Work required -> Print the lines that run from the line with "Guidance for effective" to the line with "6)ULTRONS ARE BACK IN STOCK", keeping both end lines, exactly as they appear in the entries below, and nothing else.

Exercise data ->
════════════════

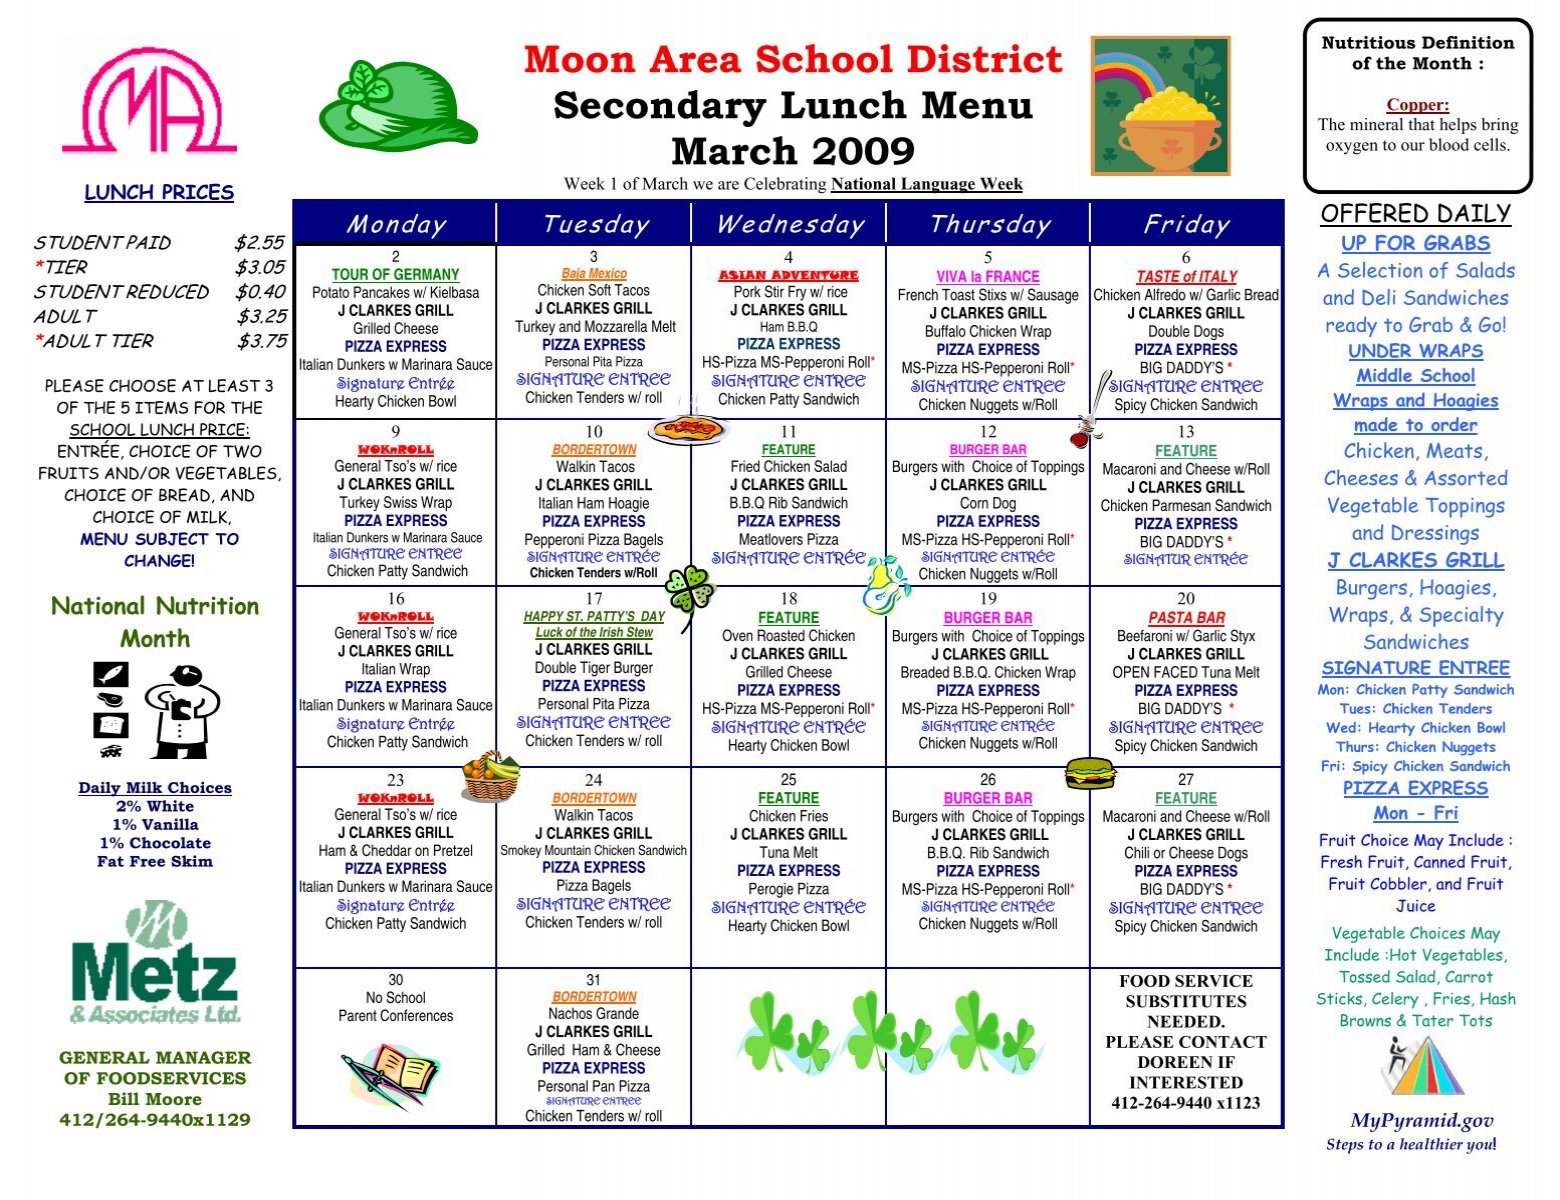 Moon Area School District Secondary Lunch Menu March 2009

════════════════

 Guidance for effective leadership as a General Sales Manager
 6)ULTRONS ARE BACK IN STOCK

════════════════

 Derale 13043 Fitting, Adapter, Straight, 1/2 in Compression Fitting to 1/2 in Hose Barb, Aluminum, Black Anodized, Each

════════════════

Answer box ->
 Guidance for effective leadership as a General Sales Manager
 6)ULTRONS ARE BACK IN STOCK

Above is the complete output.